- _Record excerpts_:
___
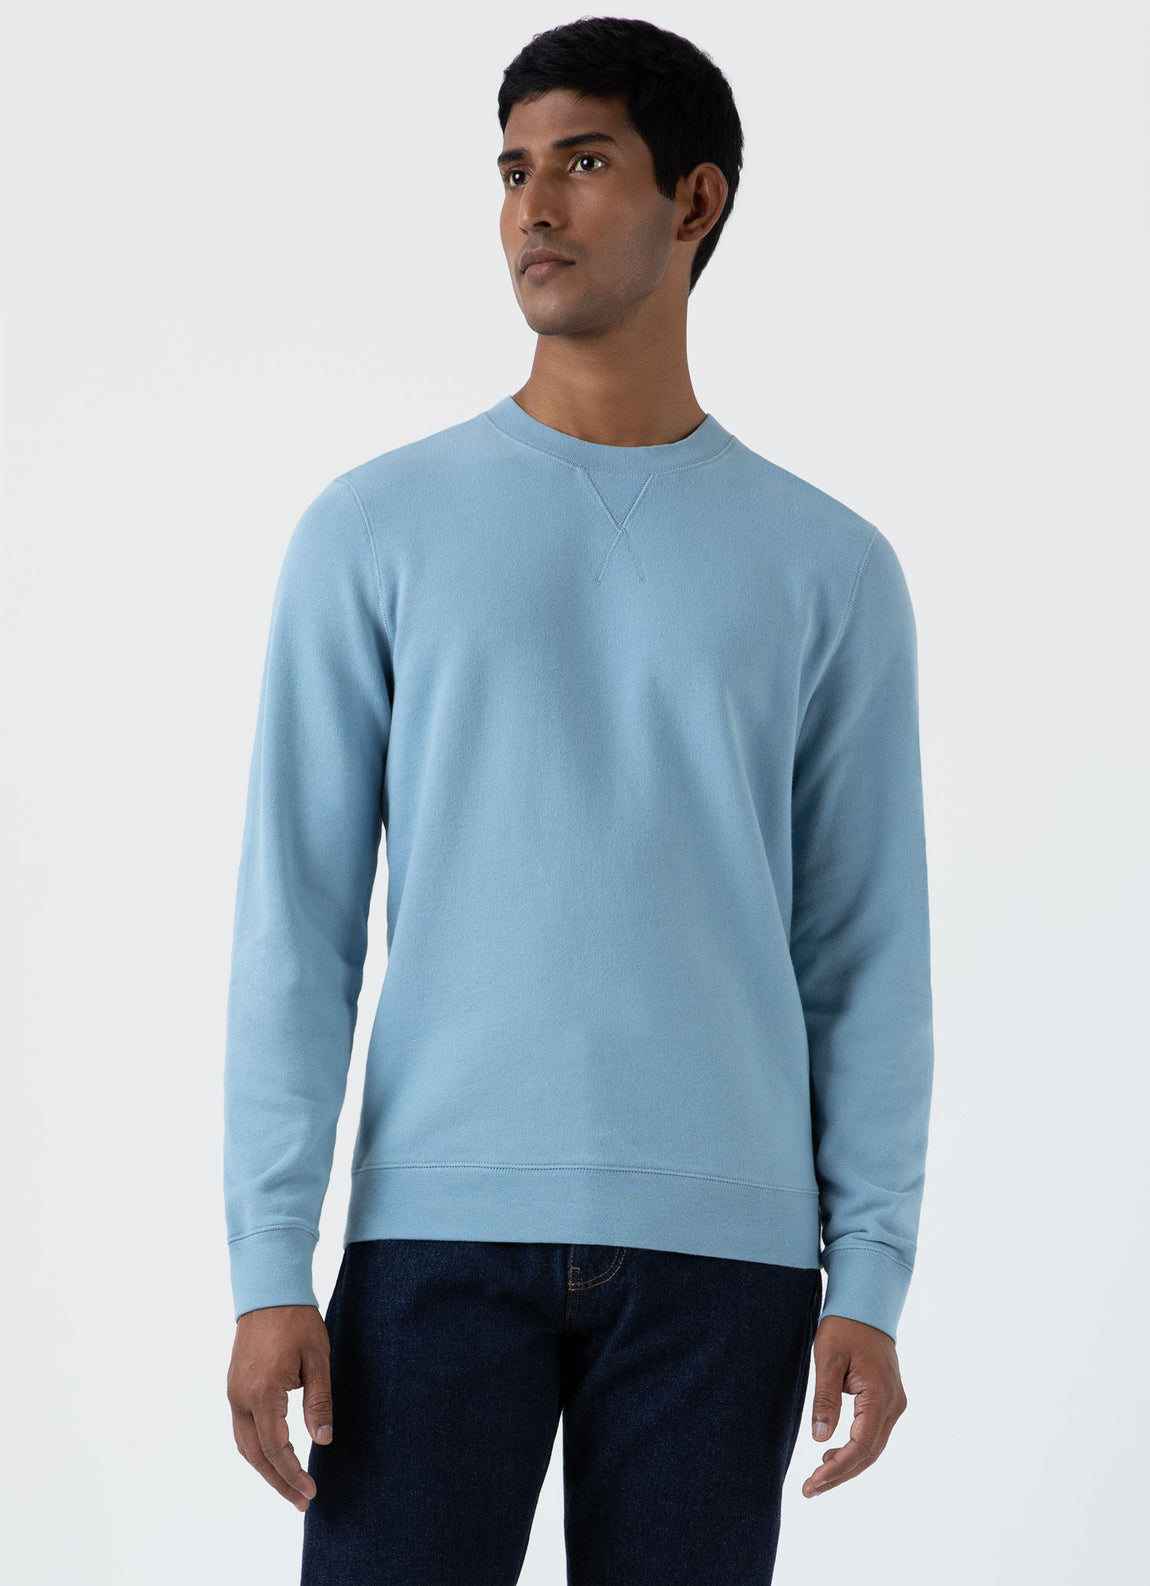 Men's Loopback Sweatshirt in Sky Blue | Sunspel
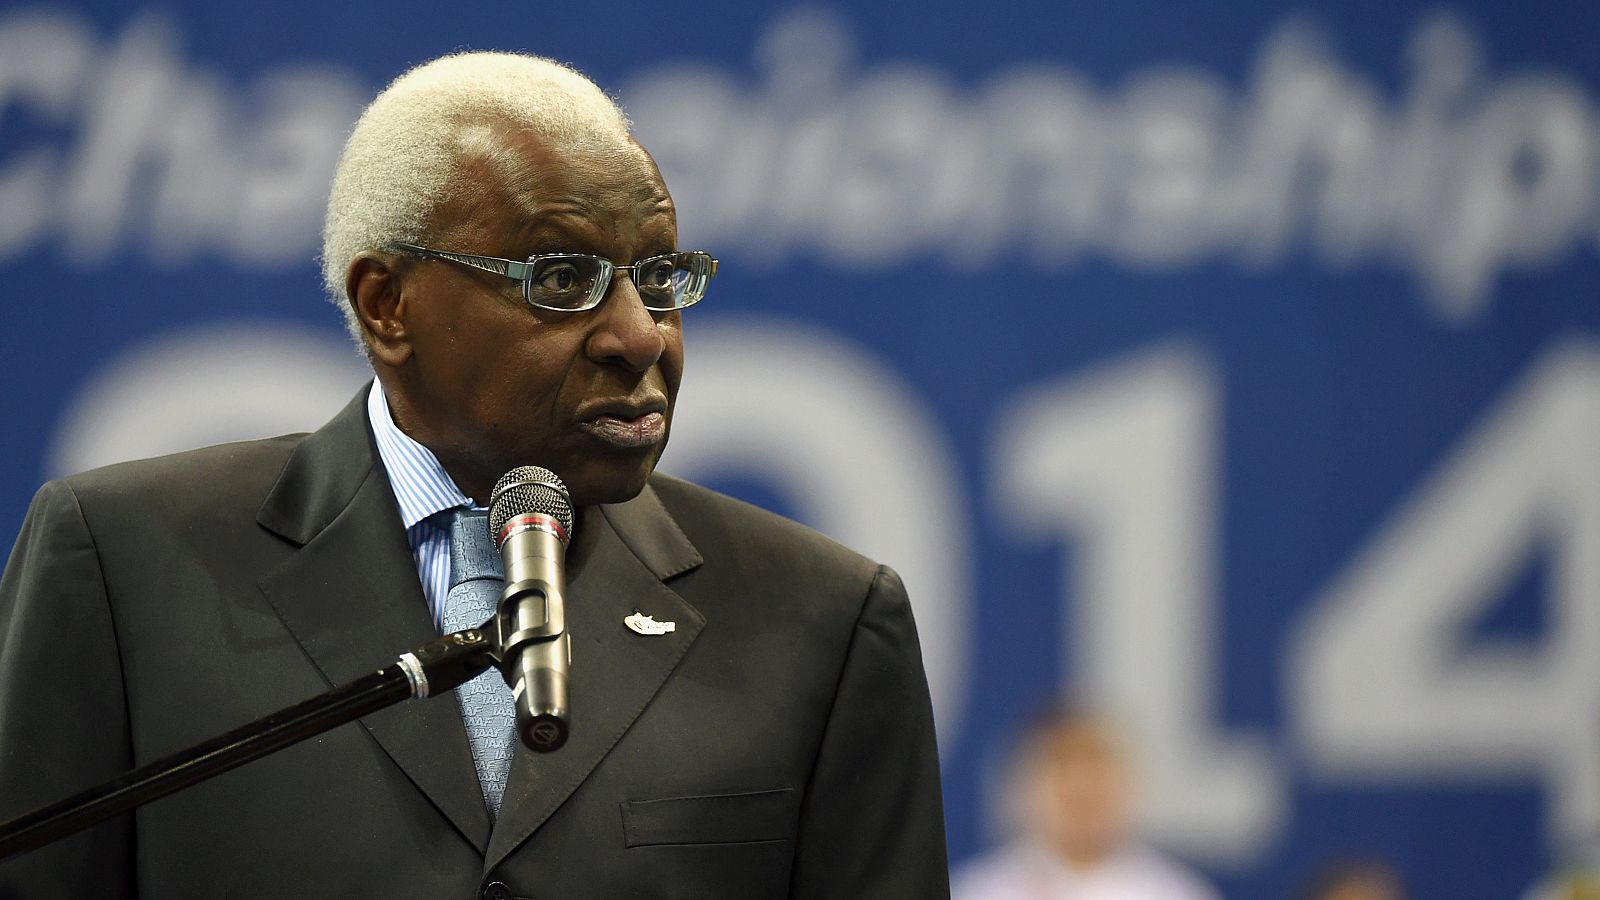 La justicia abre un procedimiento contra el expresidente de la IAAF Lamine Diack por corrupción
___
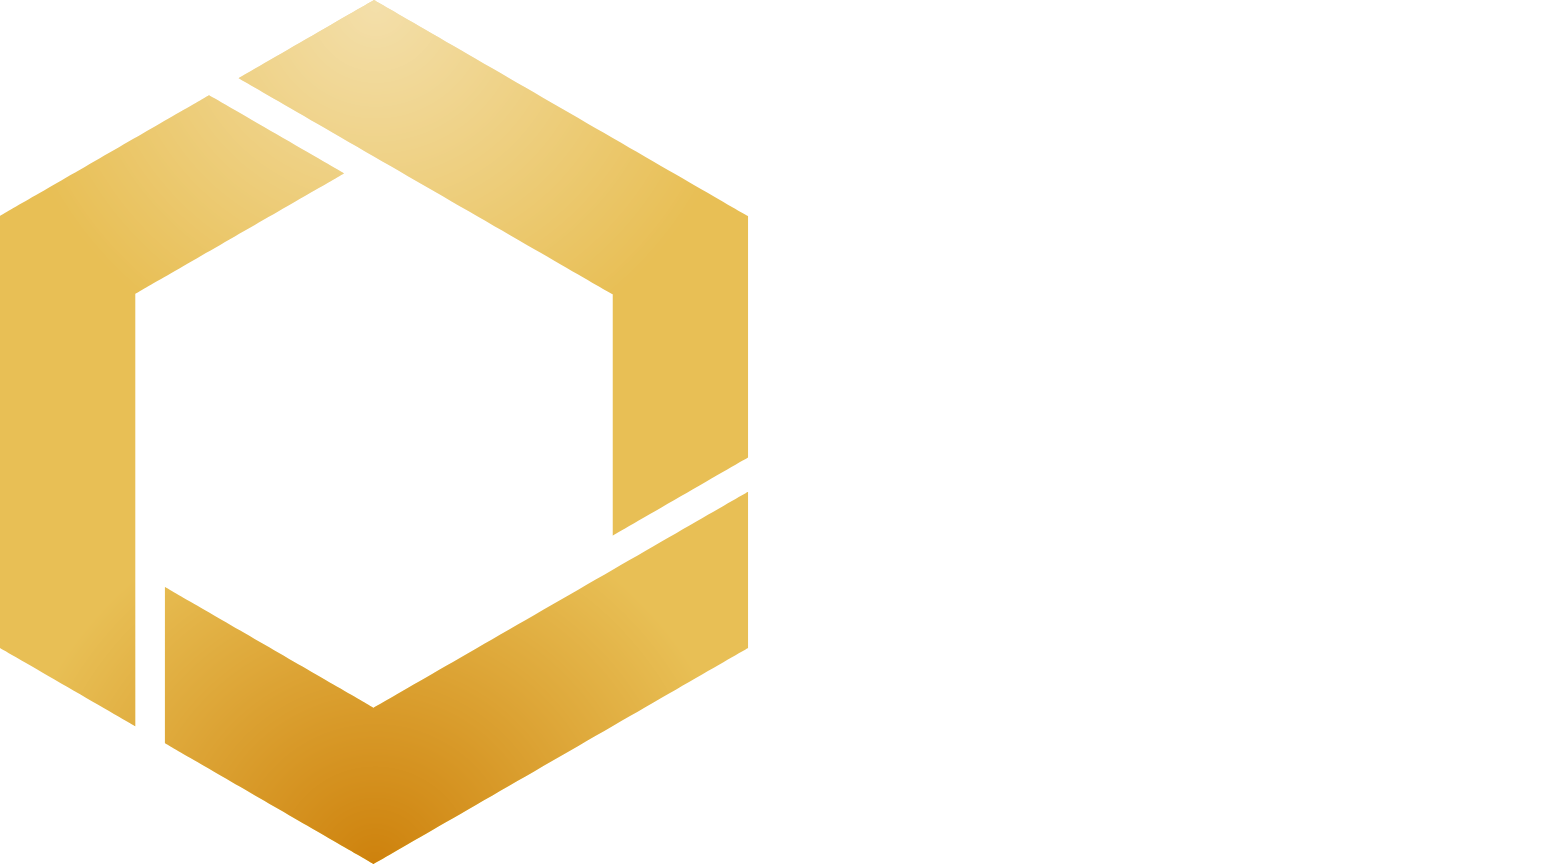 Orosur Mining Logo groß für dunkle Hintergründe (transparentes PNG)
___
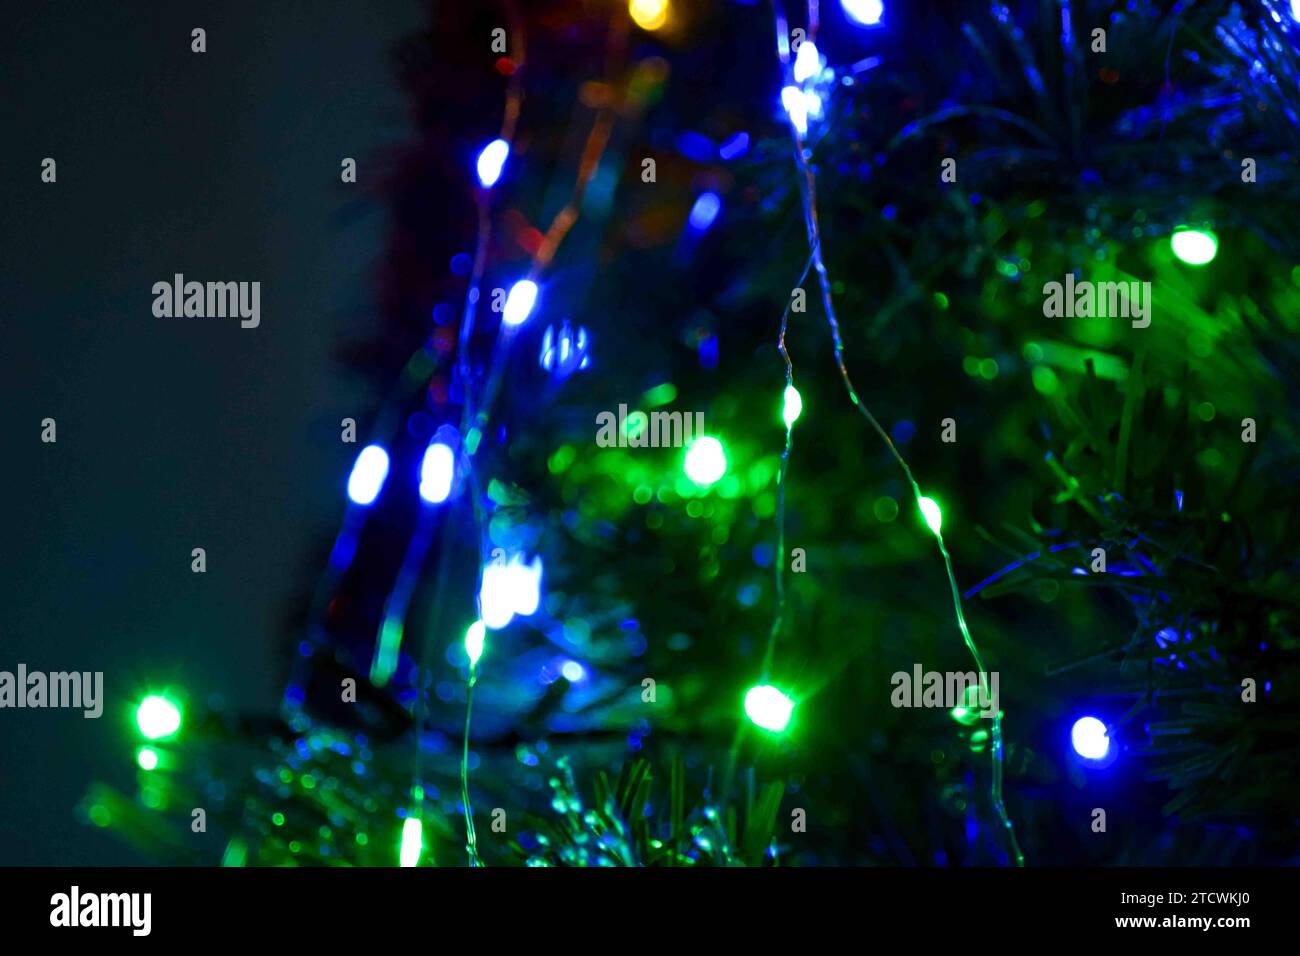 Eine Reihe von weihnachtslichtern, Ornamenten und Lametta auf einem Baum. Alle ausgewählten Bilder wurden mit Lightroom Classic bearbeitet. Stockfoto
___
- _What to do_: Set down again, exactly, every line above from the one with "Men's Loopback Sweatshirt" down to the one with "La justicia abre", both ends included. No pictures, and nothing else.

- _Exercise output_:
 Men's Loopback Sweatshirt in Sky Blue | Sunspel
 La justicia abre un procedimiento contra el expresidente de la IAAF Lamine Diack por corrupción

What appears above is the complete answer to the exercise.